# can you spend the night in la union station?



## yarrow (Jan 9, 2011)

with the late arrival(11pm) of the cs into laus, was wondering if you are allowed to sleep or catnap the remainder of the night in their comfortable chairs? we have tickets on the swc for the next day.


----------



## guest (Jan 9, 2011)

yarrow said:


> with the late arrival(11pm) of the cs into laus, was wondering if you are allowed to sleep or catnap the remainder of the night in their comfortable chairs? we have tickets on the swc for the next day.

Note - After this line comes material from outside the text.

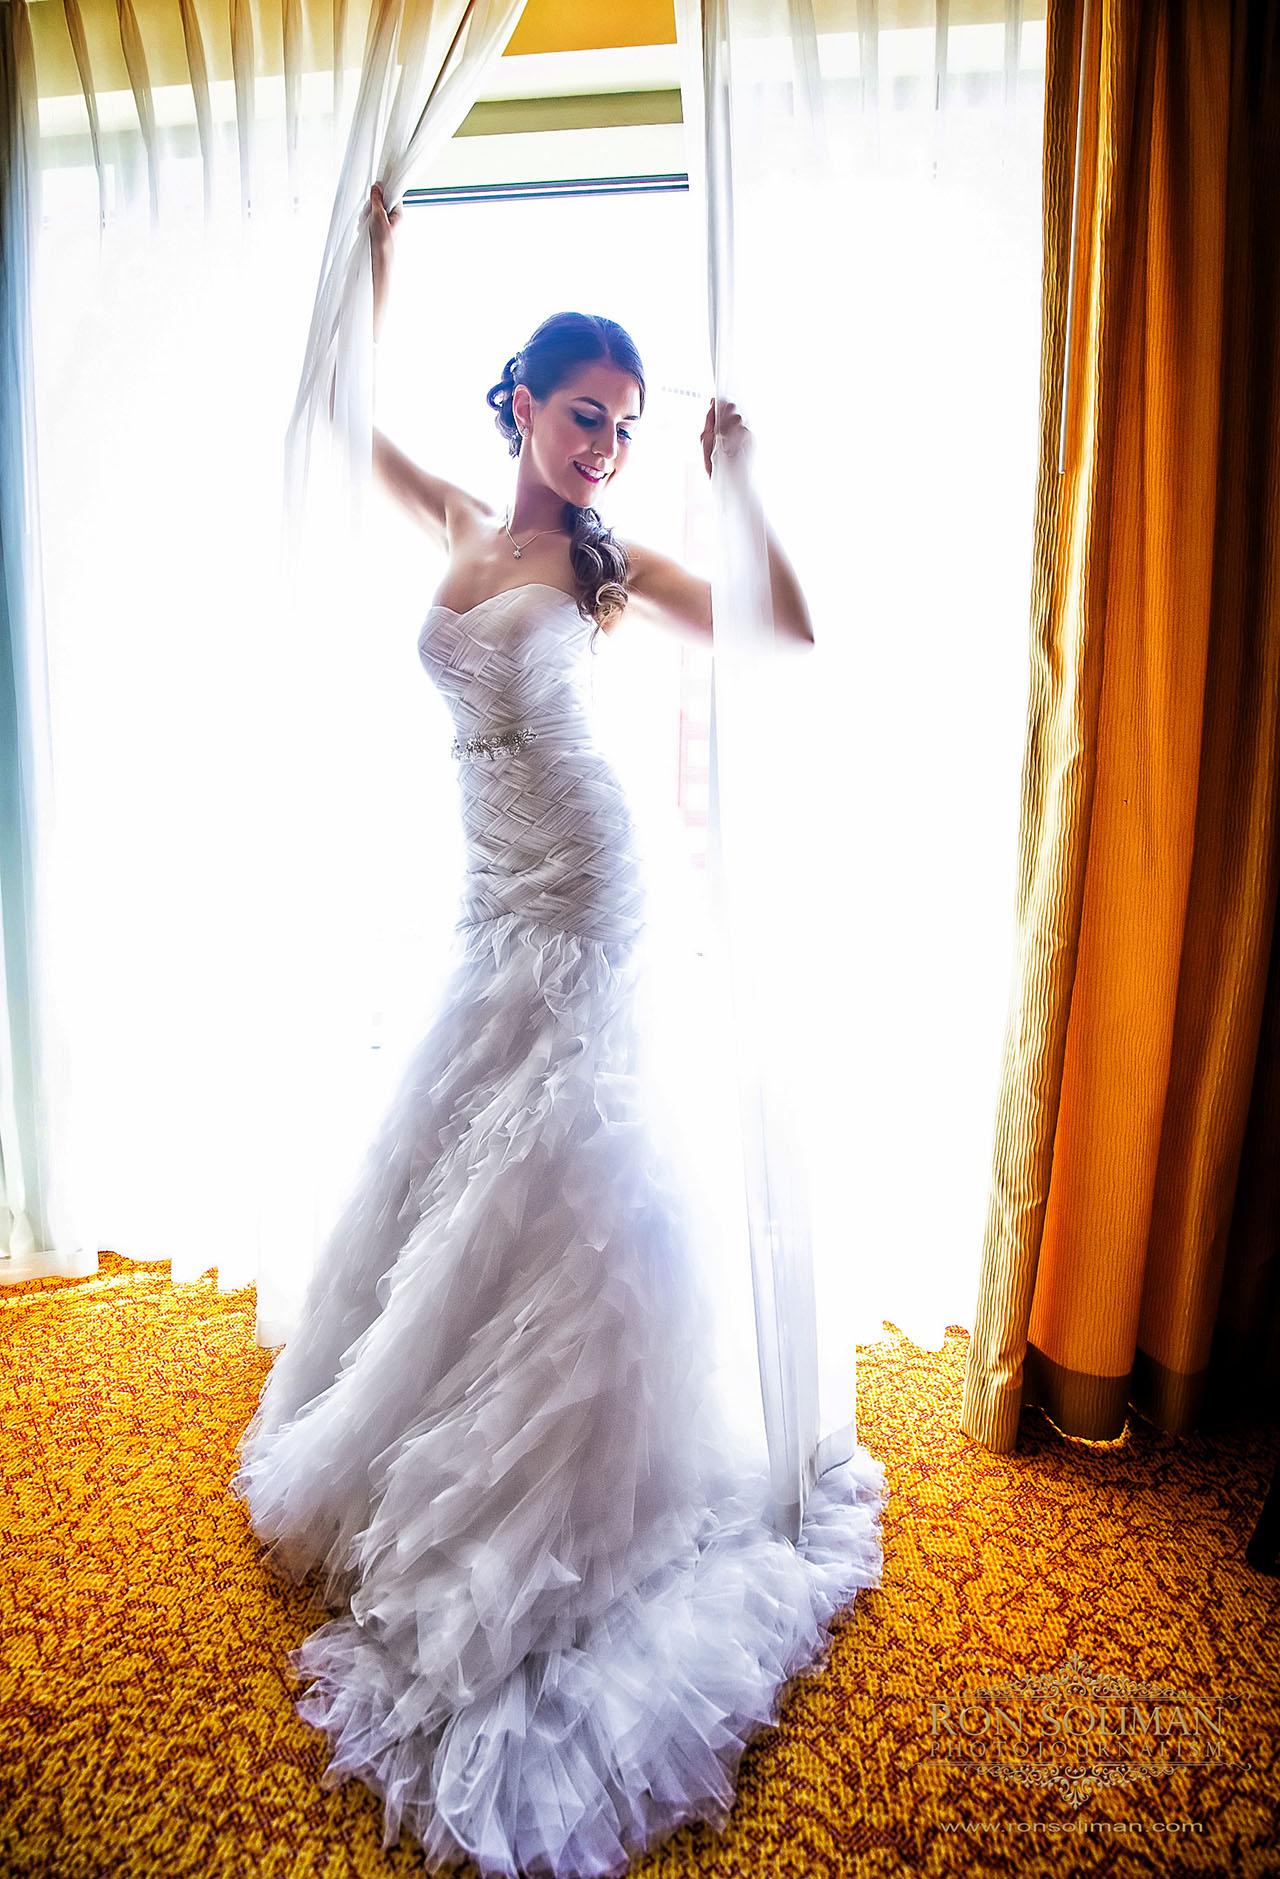 BETHESDA MARRIOTT WEDDING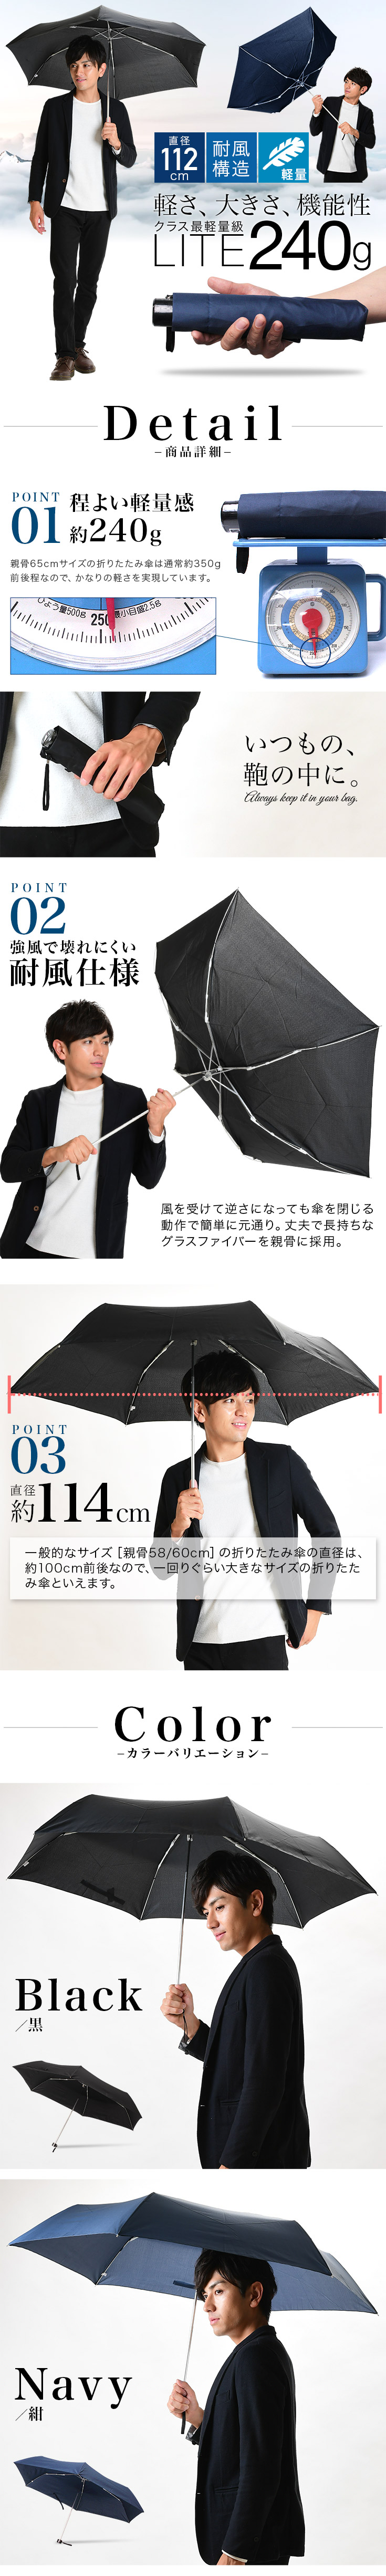 65cm軽量耐風折りたたみ傘

The station is open 24 hours as there are bus arrivals and departures during the early morning hours.

That said, I'm not sure the LA Metro police allow people to sleep in the chairs all night. Especially as your next=day train doesn't leave until the evening.

And the chairs while a step up from a folding chair are hardly comfortable to try and sleep for 5,6,7 hours.

I would pop for a room across the street in the Union Plaza hotel, ti would cost you less than $100 and put you in a whole better mood for a day sightseeing in LA before boarding the SWC


----------



## Navy 118 (Jan 9, 2011)

Short answer is not really. Last spring I was in Chicago spending an all nighter watching trains at Joliet, came back to union station to meet up with some friends on an inbound Amtrak; and the Amtrak Cops didn't seem to take to kindly to me slumbering in the waiting room... Asked if I had a tix and such, didn't kick me out, but made mention as to the fact that this was Amtrak and not a motel 6....


----------



## Anderson (Jan 9, 2011)

My guess is that if you had an early train (i.e. in at 11 PM, out at 5 AM...you get some things like that in NYP and WAS, and the policies seem set up to allow people with a reasonably-timed connection to stay but not those with a _very_ long layover), this wouldn't be as much of an issue (as in "they'd be hard-pressed to kick you out" not "they'd like it"); the risk of a catastrophic oversleeping episode would be something you could plead, not to mention that midday layovers of 6 hours are _hardly_ unheard of. However, 11 PM/6 PM is a bit too much of a stretch: 19 hours in the station is more than I think they'd allow on a regular basis.

Edit: I think it's fair to say that if someone's dozing in the waiting room, they've had enough homeless folks try to sleep in the station that they're automatically wary. I know that's why the NYP policies are set up the way they are, for example.


----------



## pebbleworm (Jan 9, 2011)

When stranded in LA last week, we spent the night at the Miyako- inexpensive, especially for a city and quite nice. Right in Little Tokyo, and reachable by foot, cab, or light rail.

http://www.miyakoinn.com/

Definitely better than trying to doze off in station bench.


----------



## guest (Jan 10, 2011)

I've been able to wait in NYP when connecting from the 66 arriving at 2-3 am, to an NJT departing at 4-5 am, "sleeping" as it were in the official Amtrak waiting area.


----------



## gregoryla (Jan 10, 2011)

As long as you have a ticket, the police won't kick you out of the station. But you would do way better to spend a little and check into one of the hotels that have been mentioned.


----------



## leemell (Jan 10, 2011)

guest said:


> yarrow said:
> 
> 
> > with the late arrival(11pm) of the cs into laus, was wondering if you are allowed to sleep or catnap the remainder of the night in their comfortable chairs? we have tickets on the swc for the next day.
> ...


That would be the Metro Plaza Hotel.


----------



## amtrakwolverine (Jan 11, 2011)

guest said:


> I've been able to wait in NYP when connecting from the 66 arriving at 2-3 am, to an NJT departing at 4-5 am, "sleeping" as it were in the official Amtrak waiting area.


from 2-3AM to 4-5AM is only a 1 to 2 hour layover. We are talking about spending close to 24 hours sleeping in the station.


----------